3.3 O MUNICÍPIO DE PINHÃO

3.3.1 A transformação do Distrito em Município

A emancipação política do município de Pinhão tem seu início nos anos de 1960. A empresa do Zattar, ainda que de maneira cruel, defendendo interesses próprios, contribuiu para que esse movimento acontecesse:

Na Zattarlândia, a serraria, seus equipamentos, os homens e suas famílias não só criaram uma cidade. Duas décadas depois, as raízes fincadas em Pinhão prenunciavam sua emancipação política. Pinhão desgarrou-se de Guarapuava e virou município em 1964. (MONTEIRO, 2008, p.39).

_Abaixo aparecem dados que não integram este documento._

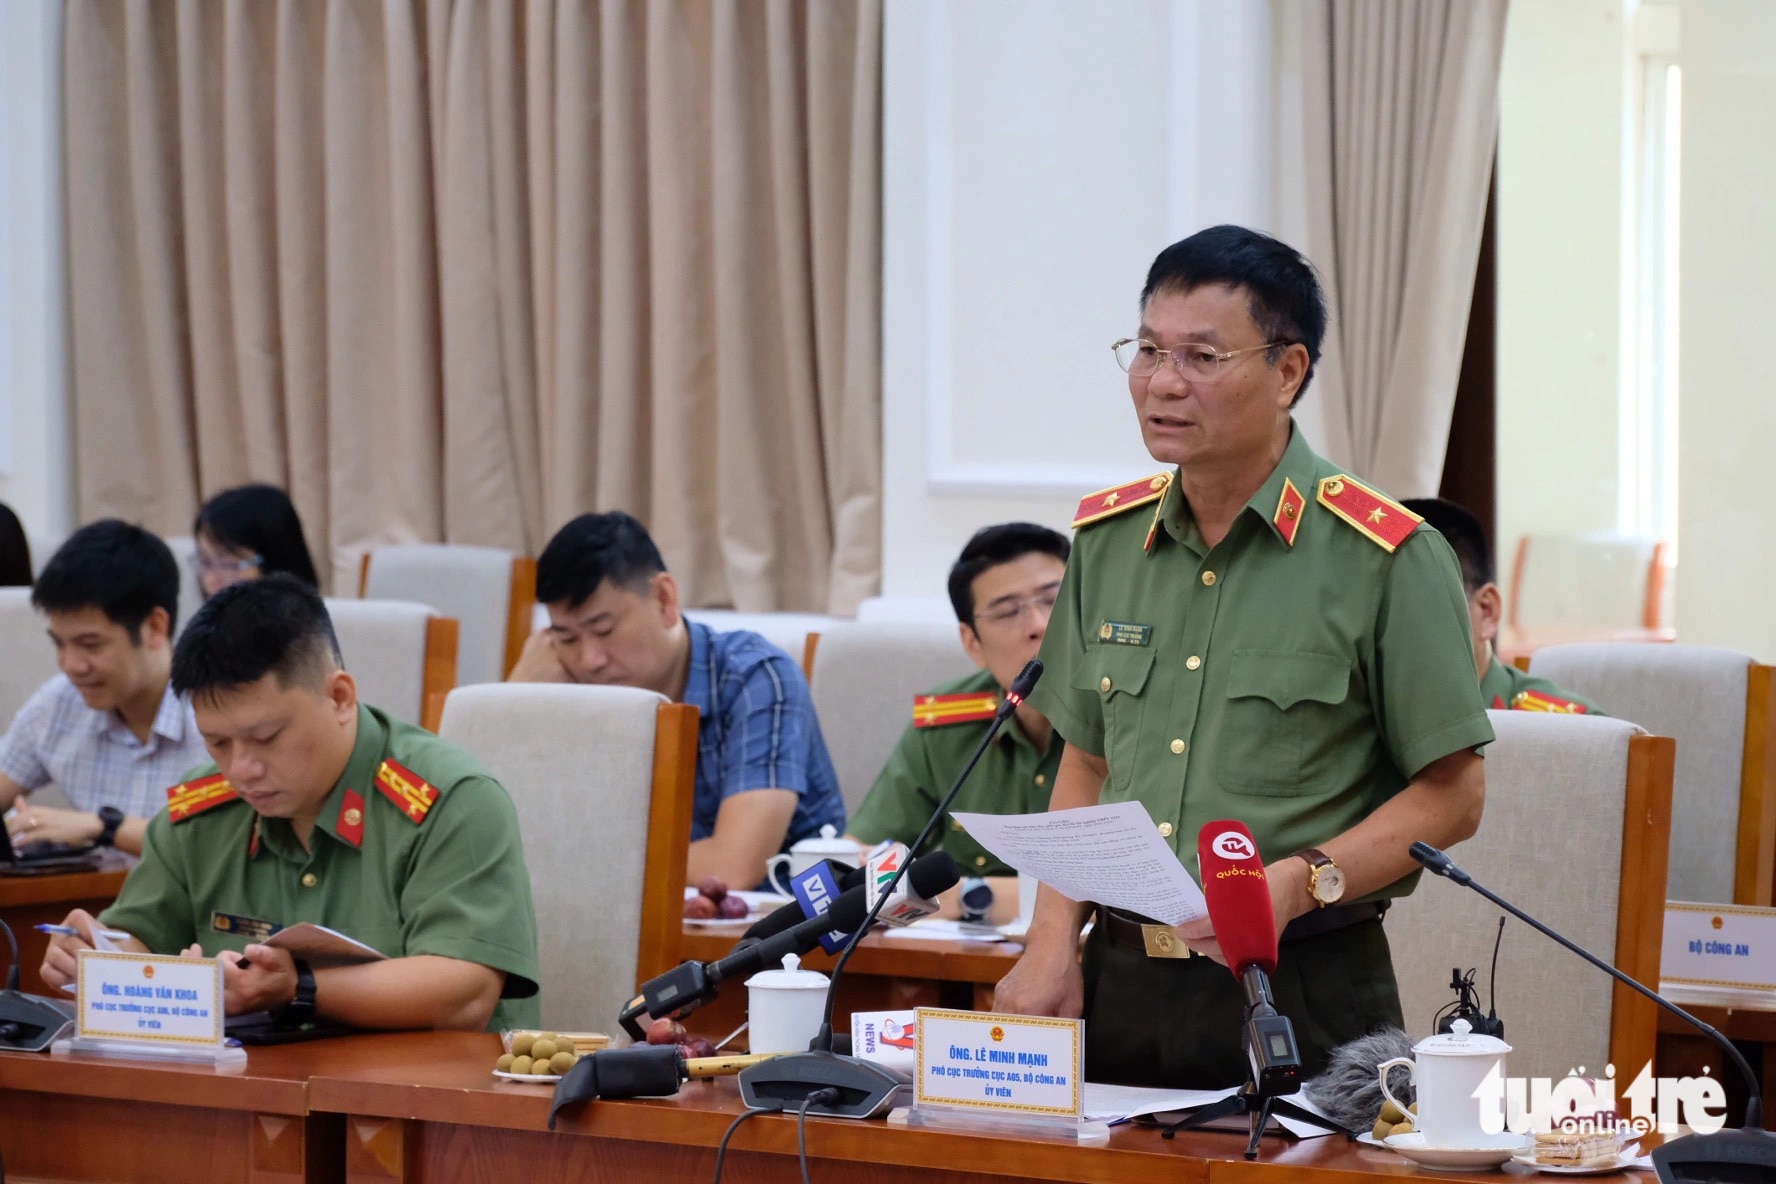 Thiếu tướng Lê Minh Mạnh, phó cục trưởng Cục A05, Bộ Công an, trao đổi tại hội nghị - Ảnh: NGUYÊN BẢO

O processo que culminou na emancipação do município teve seu início com a elaboração de um abaixo-assinado com assinaturas da população, elaborado pelos pinhãoenses Renato Ferreira Passos, Decimar Cordeiro, Sebastião Passos Ferreira e João Gonçalves, que resolveram formar a comissão que lutaria pela emancipação.

A nós que aqui vivemos e laboramos, não importa que a cidade de Guarapuava fique mais bela [...] com suas luzes fluorescentes, para agradar a vista dos forasteiros que por lá aportam, quando nosso lume é ainda o antigo lampião a querosene.[...] Sendo criado o Município de Pinhão [...] o nosso dinheiro será gasto aqui mesmo, em obras dentro do nosso território [...]. Portanto, avante companheiros. Chegou a hora da nossa independência. (Trecho do Manifesto distribuído ao povo dos Distritos de Pinhão e Pedro Lustosa em 15 de outubro de 1963. PASSOS, 1992).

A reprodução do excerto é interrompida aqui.